Customer Feedback

Swish Curtain Track Reviews

What British homeowners really think about Swish curtain tracks, the Leverlock bracket and the spare-parts ecosystem after years of daily use.

Swish Curtain Track Reviews

Few products draw quite as much affectionate loyalty as a curtain track. Swish has been a fixture of British homes since the 1960s, and it is genuinely rare to come across a homeowner who does not have a strong opinion — usually positive — about the track above their window. This page gathers together typical customer feedback in the hope that it will help you make an informed choice.

What Owners Most Often Praise

Longevity

The single most common comment is that a Swish track has outlasted more than one set of curtains. Many customers report tracks still running smoothly after twenty or thirty years, often without a single replacement part. For a hardware item sold at such a moderate price, this is a remarkable return.

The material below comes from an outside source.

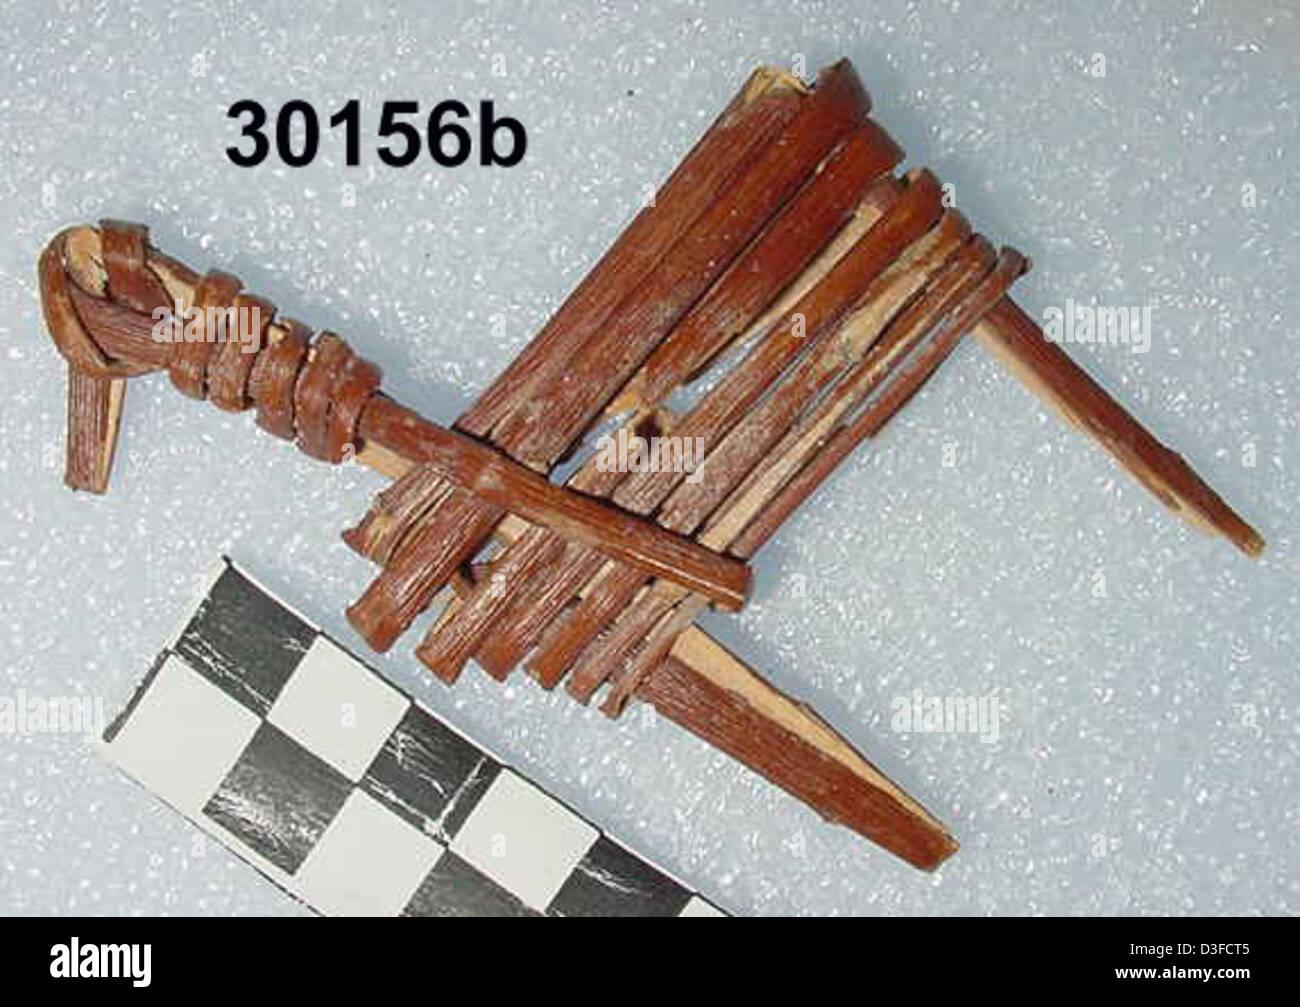 Split-Twig Figurine GRCA_30156b - Stock Image

“My living-room track has been here since we moved in thirty-two years ago,” writes a homeowner from Hampshire. “It has carried three different pairs of curtains, and the only thing I have ever had to buy is a packet of hooks.”

The Leverlock Bracket

The second consistent theme is how quickly the track comes down for decorating. The ability to open a lever and lift the whole track off the brackets has saved countless weekends of painting:

“I painted the living room last weekend and had the curtain track off in under a minute. Ten years ago I would have dreaded the thought of unscrewing everything.” — Ilkley, West Yorkshire

Smooth, Quiet Draw

When the track is fitted correctly and the gliders are in good order, the draw is nearly silent. Many reviews specifically compare it favourably to metal pole-and-ring systems, which have become fashionable but can be noisy and prone to snagging.

“I actually notice how quiet the curtains are now. The old metal pole used to rattle every time the wind caught the curtain; the Swish track is a completely different experience.” — Newcastle

Easy Home Installation

A great many owners mention the confidence the system gives to DIY-ers. Clear diagrams, parts that clip together in the right way the first time, and a sensible tolerance for measuring errors all help. Those who have previously struggled with ill-fitting track kits often remark that the Swish experience felt refreshingly easy.

Where Reviewers Offer Constructive Criticism

No product is universally loved, and Swish tracks occasionally come in for fair, reasoned criticism.

  • A few owners find that flexible PVC bay tracks do not always stay at a perfectly even level across a long curved bay, particularly if the bay is wider than 3 metres. The fix is usually extra brackets or a switch to an aluminium jointed system.
  • Some reviewers of older tracks have wanted metal end stops rather than plastic, finding that the plastic version can crack if the curtain is repeatedly jerked. Modern aluminium tracks address this with stronger components.
  • Occasional reports of gliders wearing faster than expected almost always trace back to excess dust in the channel; a simple annual clean solves the problem.

How Swish Compares to Alternatives

Customers who have tried other systems typically comment on three points:

  1. Against metal poles: the Swish track is quieter and more discreet, though it lacks the decorative character of a finial-topped wooden pole.
  2. Against uPVC continental tracks: Swish tracks hold up better under heavy curtains, and the Leverlock bracket is widely considered easier to service.
  3. Against motorised systems: Swish obviously cannot open and close the curtains on its own, but it costs a fraction of the price and has nothing to go wrong electronically.

A Representative Spread of Feedback

“I fitted a corded aluminium Swish track myself in our Victorian bay. It was the first curtain track I had ever put up and it looks professional. Real confidence-builder for small DIY jobs.” — Lewes, East Sussex

“We have two sets of really heavy velvet curtains in the dining room and the track simply does not complain. I thought the curtains would need a pole for weight reasons, but my curtain-fitter suggested an aluminium Swish track and she was quite right.” — Stirling

“Some of the gliders in our kitchen track had become brittle after fifteen years and one cracked in half. A pack of twenty replacements arrived in two days and I had them fitted in ten minutes. For under a fiver, it felt like a brand-new track.” — Chester

“Our track in the front room had sagged a little in the middle. Adding an extra bracket halfway along, using a spare from the fitting kit, sorted it completely. I wish more products were this serviceable.” — Dundee

The Overall Picture

Read a hundred reviews of Swish curtain tracks and the conclusion is consistent: this is a functional, unassuming product that lasts. It will not turn heads in the way a brass finial pole does, but it will hang your curtains night after night for decades without asking for anything in return beyond a pack of hooks and a silicone spray once a year. For most UK homeowners looking for a reliable, cost-effective curtain-track system, it remains very hard to beat.